すでにそれなりのモノがあるなら、イチから自社開発するのは効率が悪い。かといって、中国の企業とやり取りして自社製品として売り出すとなると煩雑な社内調整が必要になる。それなら、九鬼さんの会社がマイクのメーカーとして立ち、その製品をアイ・オー・データ機器が販売するというかたちにするのがいいのではないか。社長の口から具体的な提案がどんどん出てきて、九鬼さんの心にも火が灯った。

ゴッパでは「“挑戦者”再びというつもりでやっています」という(筆者撮影)

本腰を上げて中国に出向くと、事は意外と簡単ではないことを知る。ちまたで出回っているBluetoothマイクは、ボディの金型から模造品のものが多く、中身の電子部品も粗悪なものが多かった。どうも中国ではすでに枯れた商品という扱いになっていて、採算が取れないため大手は扱わず、安価な粗悪品ばかりが出回っている状況だったようだ。

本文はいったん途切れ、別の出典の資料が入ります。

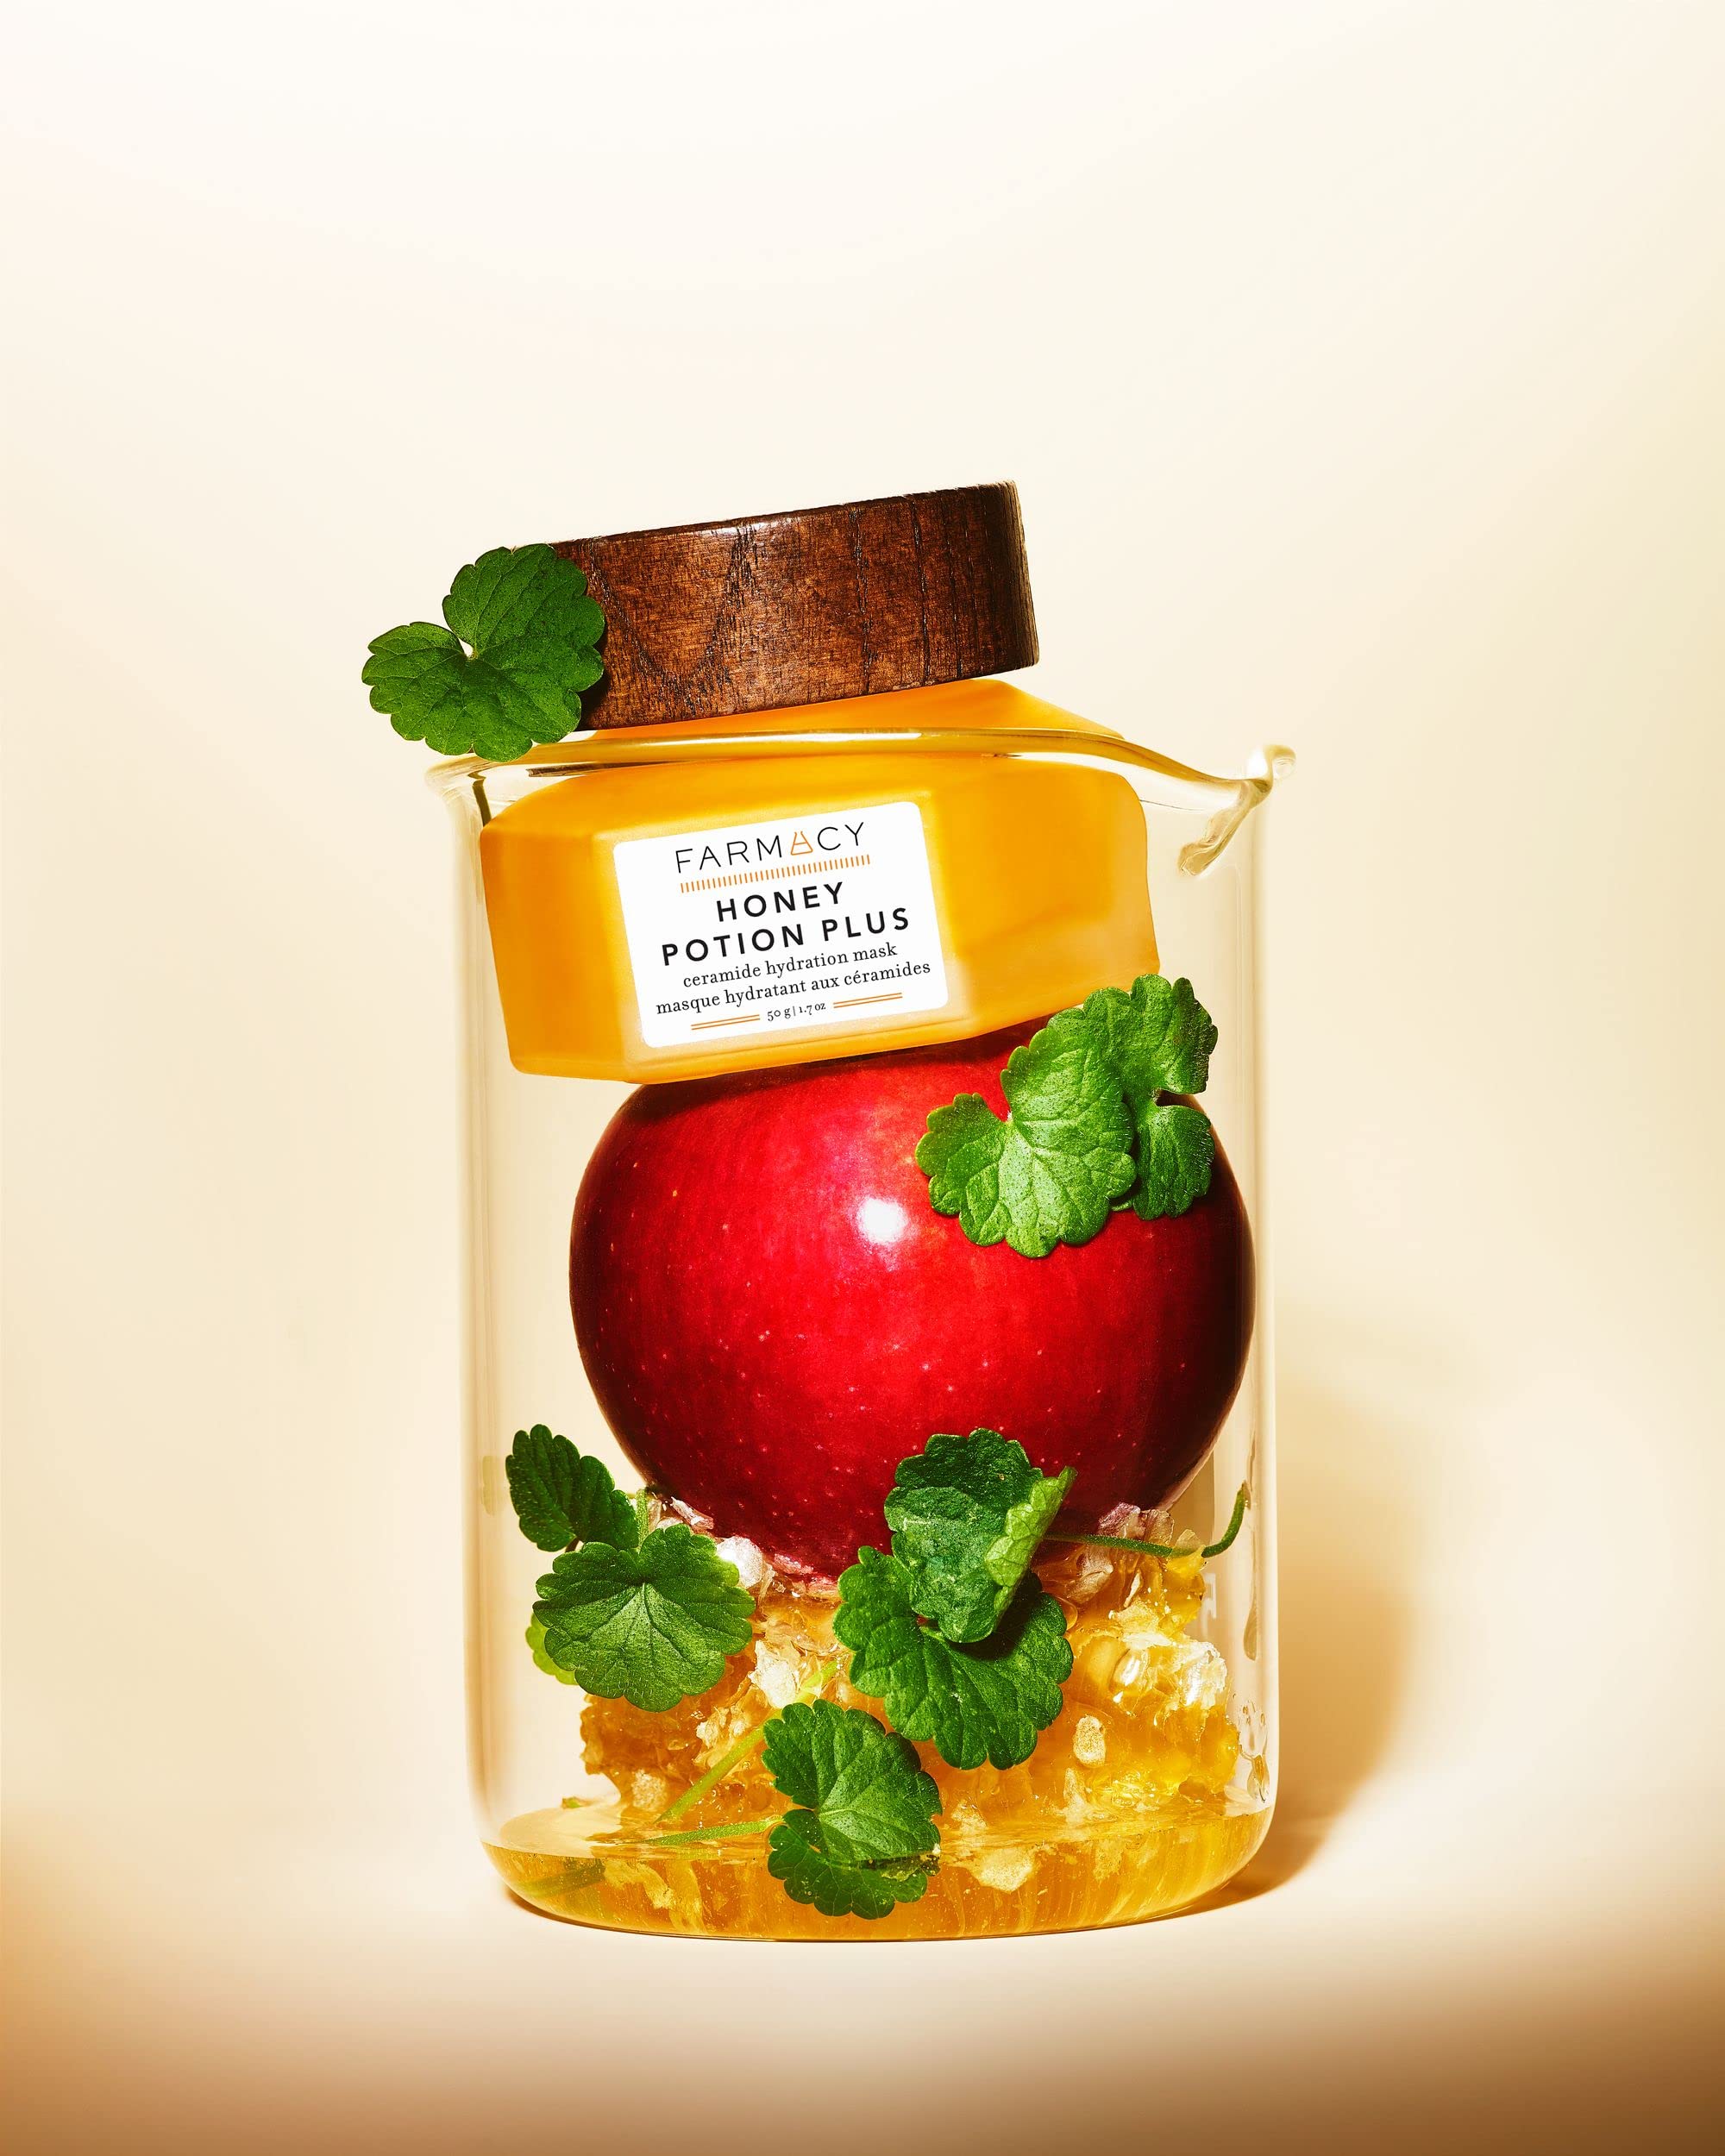 Farmacy Honey Potion Plus Face Mask - Antioxidant Rich Hydration Mask - Natural Moisturizing Facial Mask (1.7 Ounce/ 50 G)

「それでボディのオリジナル金型を探すところから始めました。あと、剥げない塗装ができる工場も同時に調べていきましたね。基板は……これは自分で設計するしかないかなと。あとはバッテリーも事故が怖いから日本から逆輸入して組み立てることにして、とにかく全部を分解して洗っていった感じです」

3カ月で商品化するという目算は大きく外れて7カ月かかったが、2017年8月にはゴッパ第1弾製品「Bluetooth カラオケマイク」が完成。社内人事の関係で社長は会長に上がっていたが、予定どおりにアイ・オー・データ機器で取り扱ってくれた。反響は上々。それからは、冒頭で触れたようにゴッパのラインアップが同社のオンラインショップに順調に増えていっている。

開発したいものがいっぱいある

かくして、毎週大須の電気街に自転車で通った電子工作少年は、さまざまな出会いと経験を経て、独立遊軍で企画開発から製造までできる一人メーカーとなった。マグロ人間の生活リズムはとうの昔に取り戻し、今日も新しい製品の企画と設計に余念がない。モチベーションが枯れることもない。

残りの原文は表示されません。